Initially more than 80 percent of the U.S. population lived in a rural setting operating over 5 million farms, yet barely able to produce enough food to feed the U.S. population. Half of the U.S. family’s disposable income was used to buy food.
The 20th century started with a coal and later a petroleum-based energy system. This facilitated the rapid industrialization of the U.S. economy, which reached all the way to rural America where it was applied to greater agricultural production efficiency.
Tractors replaced horses, providing a quantum leap forward in the amount of land that could be worked by a farm family. Mechanization also reduced the acreage of farmland that had to be devoted to the production of feed for horses.
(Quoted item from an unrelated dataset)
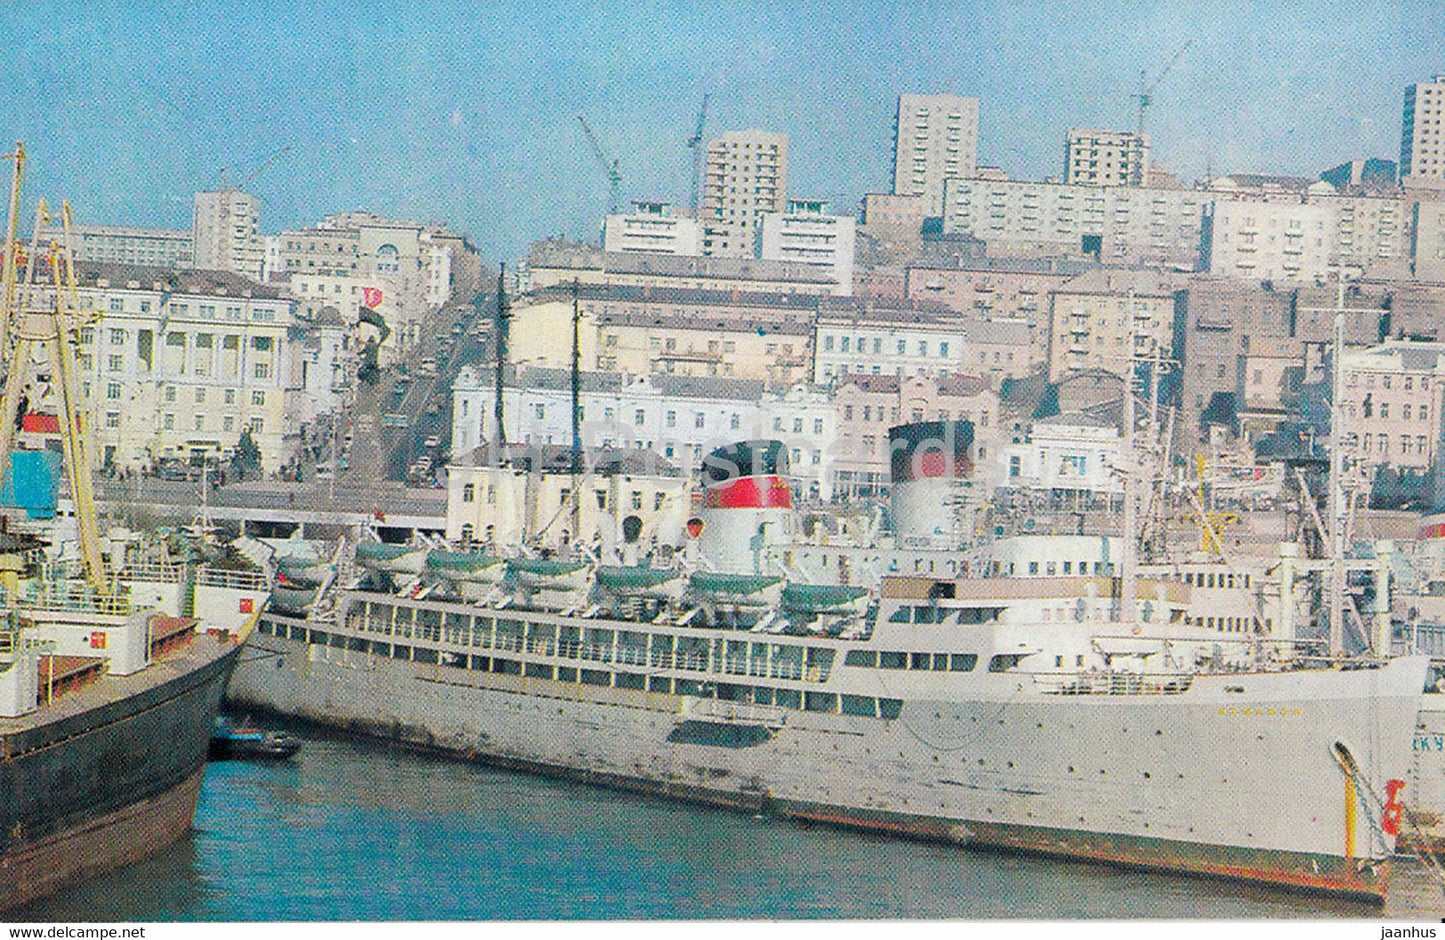 Vladivostok - at the seaport berths - ship - 1973 - Russia USSR - unused - JH Postcards

As a result, oats acreage has declined substantially. Soybeans, which were virtually nonexistent in 1900, have now increased to about 75 million acres.
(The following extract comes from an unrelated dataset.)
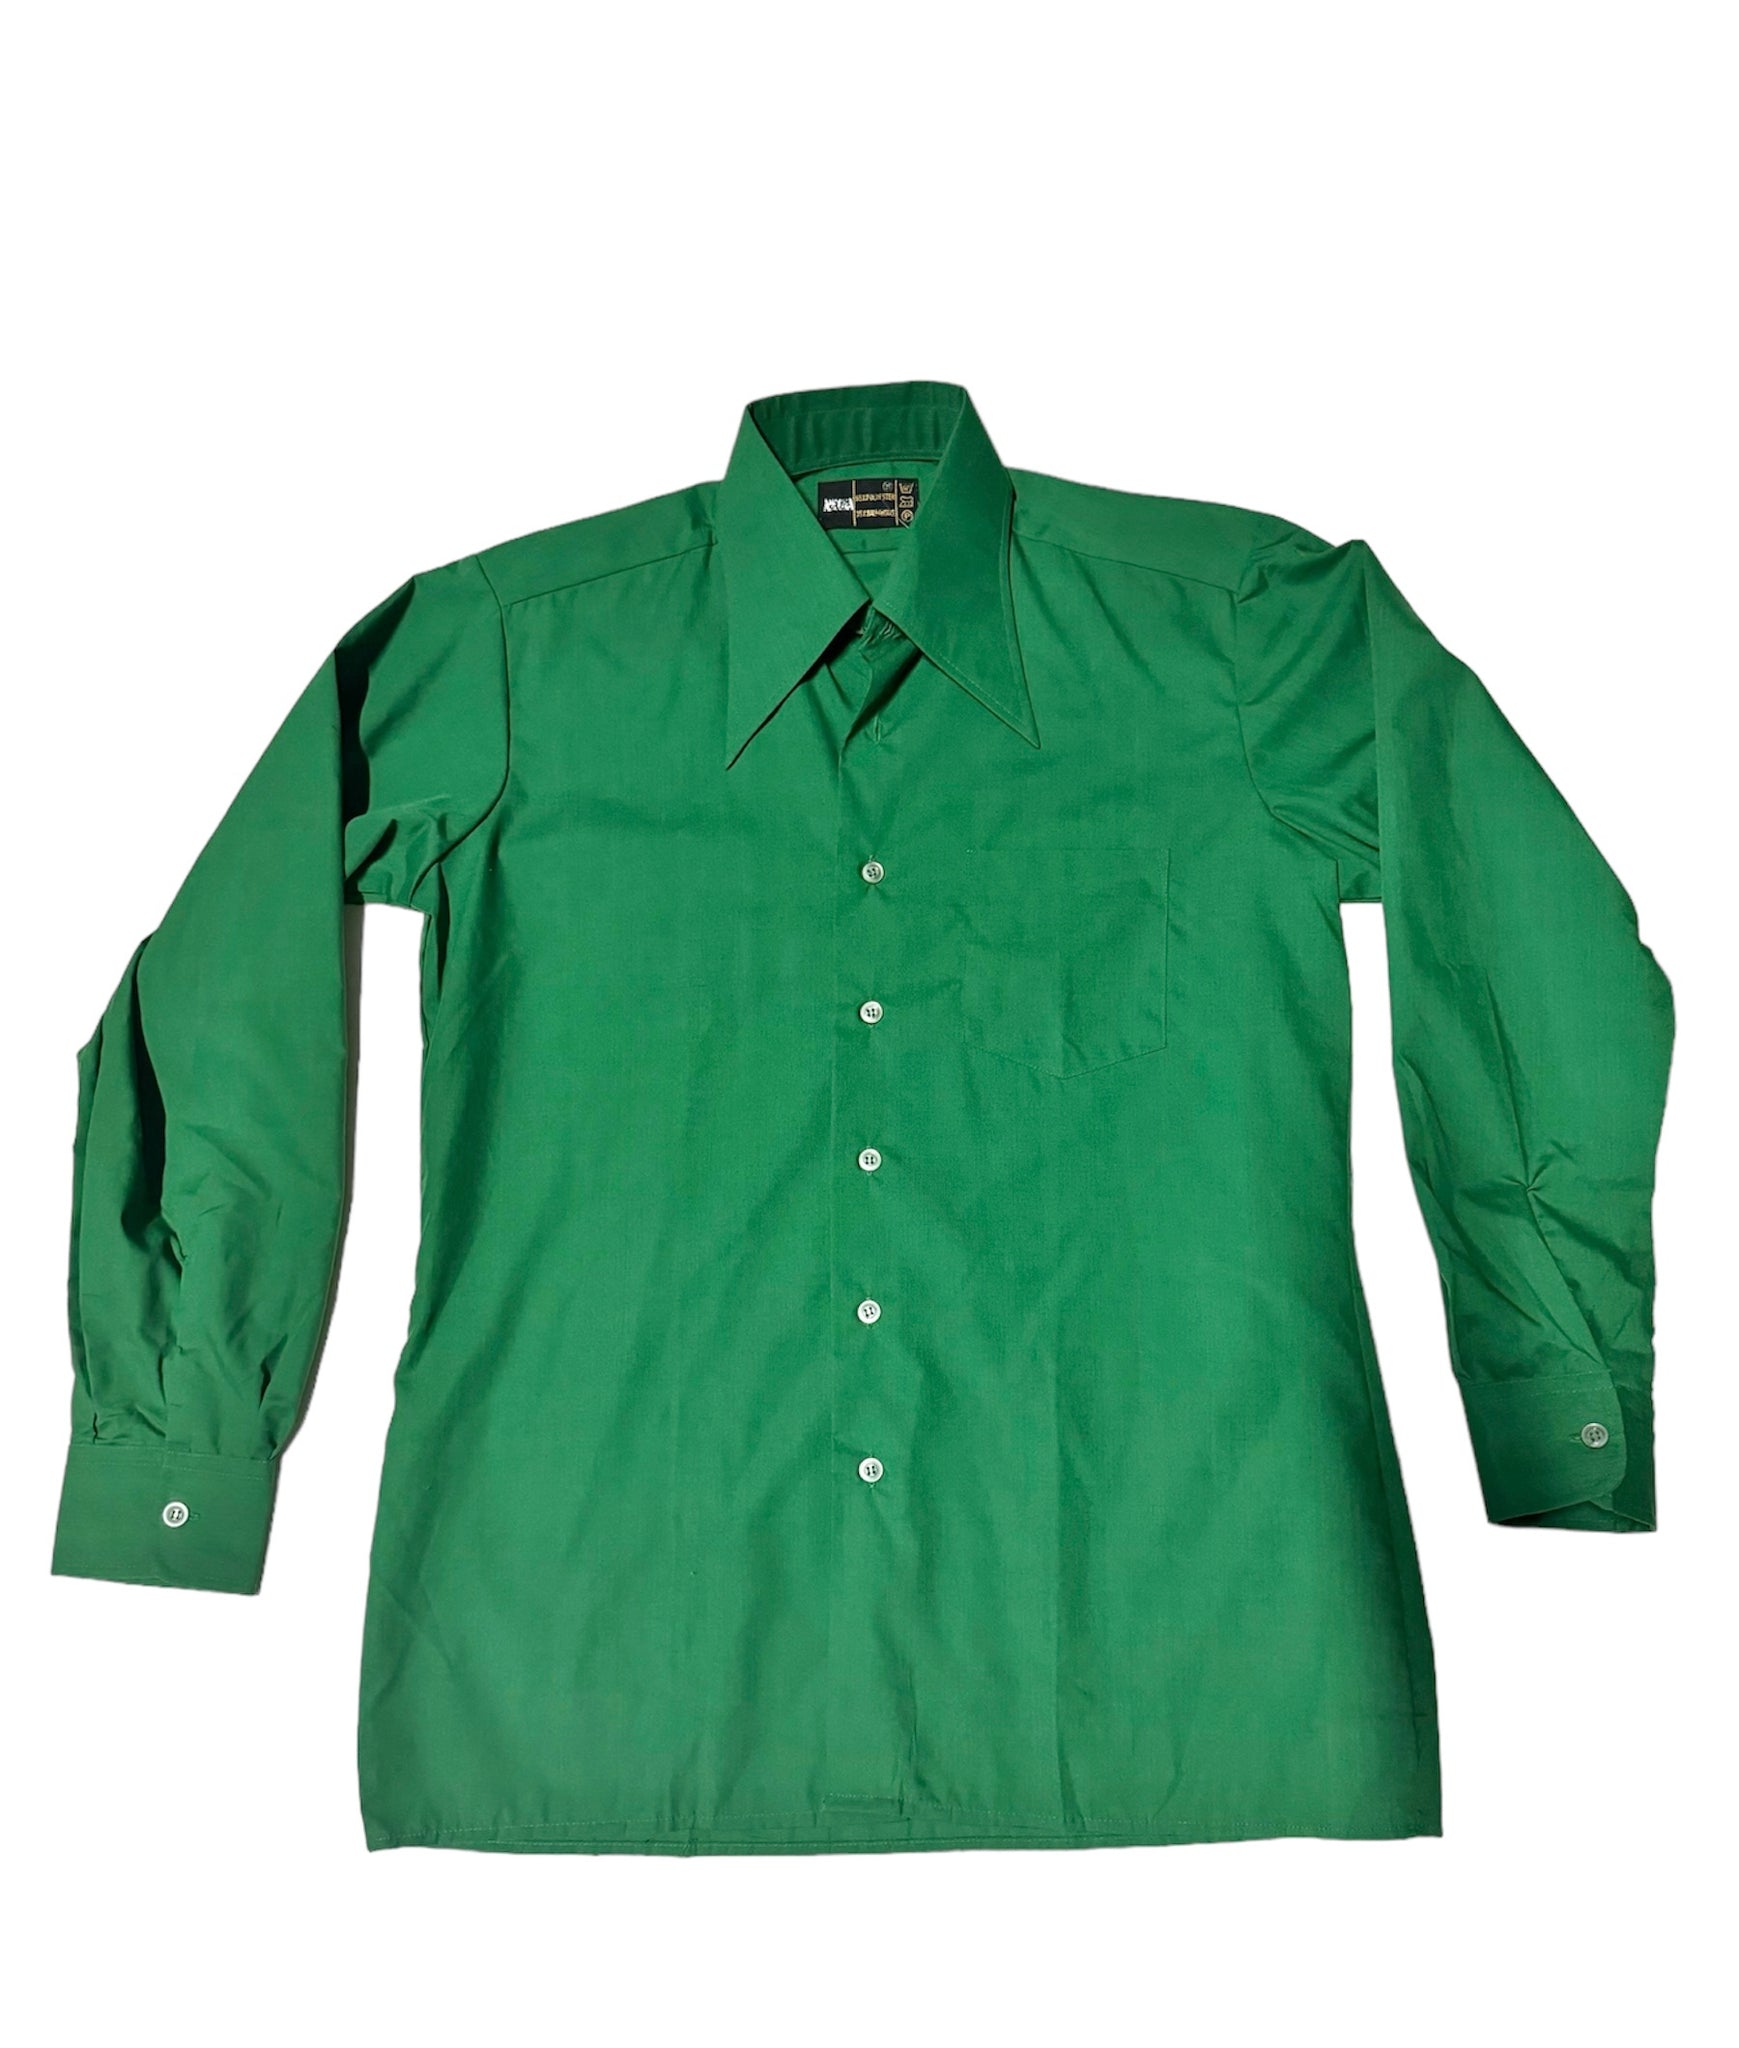 Vintage Green 70s Shirt (M)

Agriculture provided the economic base for the U.S. 150 years ago and continues to provide the economic base for a large portion of rural America, such as Uvalde County. Mechanization, extensive agricultural research developments by the land grant system since 1876, readily available commercial fertilizer, agrochemicals, hybrid seeds, genetically modified organisms (GMO’s), very rapid information exchanges through the land grant system then the internet and many modern value-added production systems have all permitted a single farmer to boost yields and farm more ground. Now, less than 1.8 percent of U.S. the population is involved in farming and ranching, operating about two million farms in the U.S. and making the U.S. the most agriculturally productive nation in the world.
These same, expensive, intensive farming systems are causing change in rural America. High energy costs, the shortage/re-allocation of water and the changing nature of basic resource use are transforming agriculture. High energy costs and shortages of water are threatening more intensive forms of agriculture, especially in outreach regions such as southwest Texas. While livestock production drove the basic range resource use up until the early 90’s, now wildlife, either through hunting or nature tourism, drive the range resource use in a large part of Texas.
A French proverb says basically: “The more things change, the more they stay the same.” The sesquicentennial began with vast range resources producing bison, antelope and other wildlife species which the native population used to sustain themselves. Now, those same vast range resources are being used to produce white tailed deer and many other wildlife species which provide a significant economic base to local inhabitants through hunting, nature tourism and many other forms of entertainment. Bison are even being reintroduced in some areas.
What will the future bring? What will the region look like 150 years from now? What will form the economic base for much higher projected densities of population? The jury is still out on this subject. Probably the only thing that is certain is that things will be different. Change is happening at an ever-increasing rate.